Mon, 3 October 2016, 00:40

My students,

For those of you who were at the review session earlier today, you recall
a student asked me how to find the SBR on problem 3 of the Spring 2015 Exam,
and I was reluctant to take the time to work through the problem, fearing
it would chew up most of the review session.

On sober reflection, I wish I had since it is not an easy concept and
probably worth spending a lot more time on it than we did.  In light of this,
I asked Siavash who will handle the review session tomorrow to work out the
entire problem if the class wants it.  Whether he does is up to you!

In the meantime, I promised to lay out carefully for the student asking
the question how to get the SBR.  ...which I have done.

I decided to share this with the rest of you, including some additional
stuff which I hope will prove helpful in solving other problems of this kind.

So, here goes:

First, some general stuff that I think is useful to keep in mind as you work
through the entries in any table you may be asked to complete.  To obtain the
value for A, I need to make three physical accesses.  (The same is true for
obtaining B and C.) The first access is to System PHYSICAL space to get the
PTE of the page of System space containing the VA of the PTE of the page
containing A.  The second is to get the PTE of the page containing A.  The
third is to get the value for A.

From the program, we know we have three user virtual addresses.  From the
table we know A is x5400 and C is x7618.  Thus A is on page x54 and C is
on page x76.  Note that if the TLB were as shown (requiring seven accesses)
it does not contain entries for page x54 or page x76.  But since only seven
accesses to memory would be needed, B must be on a page that would be a hit
in the TLB shown.

Note that the three entries in the TLB indicate pages mapped to frames x01,
x06, and x04 in physical memory.  Note further that the physical address of
B is x0646.  Therefore, the virtual address of B is x2346.  B is on page x23
of user space.

The virtual address of the PTE for page x23 is given: it is x80C2.  We know
that this address is formed by adding the PBR to the offset (2 times x23).
Therefore PBR + x46 = x80C2.  Therefore, PBR = x807C.

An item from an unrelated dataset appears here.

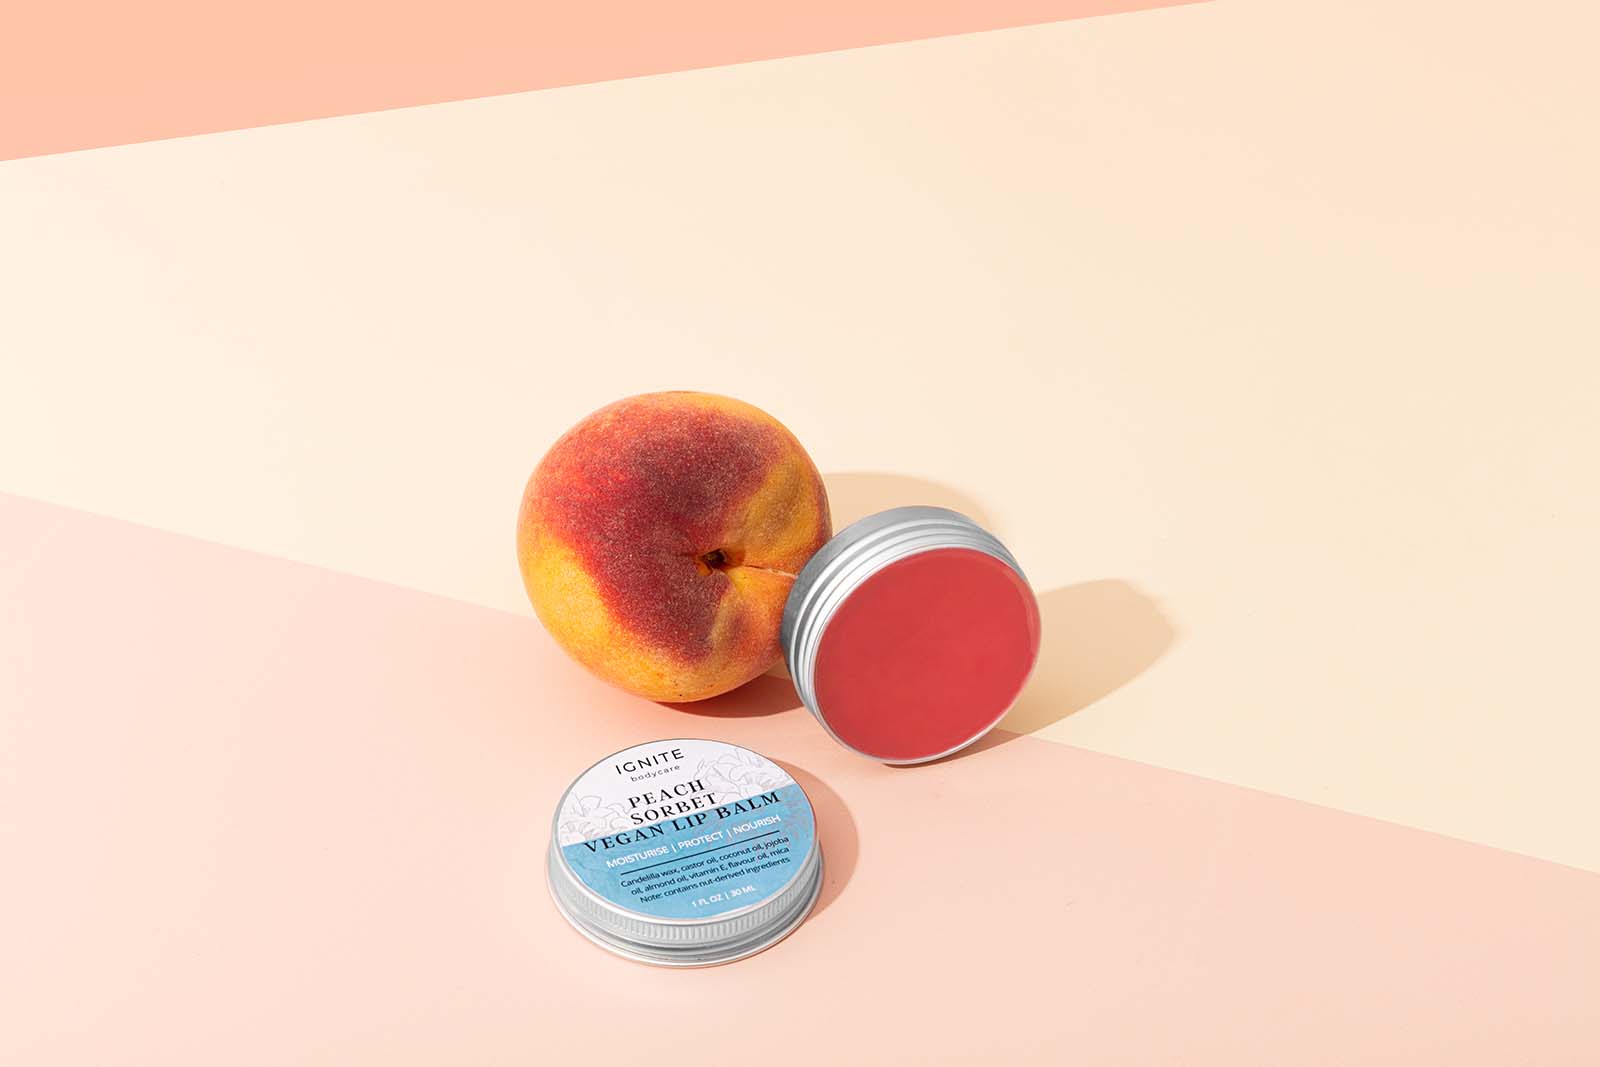 colourful aesthetic product photography for skincare brand ignite bodycare. Product Photography by Colourpop Stuido

Next, we note that the VA of A is x5400, which means A is on page x54.
The PTE for A is at address PBR + (2 times x54), i.e., x807C + xA8 = x8124.
This is on virtual page 1 of system space.  We know the physical address of
the PTE of page 1 of system space is x1AA8.  Therefore, the PA of the PTE of
page 0 of system space is x1AA6, which is the SBR.

Good luck on the exam.


Yale Patt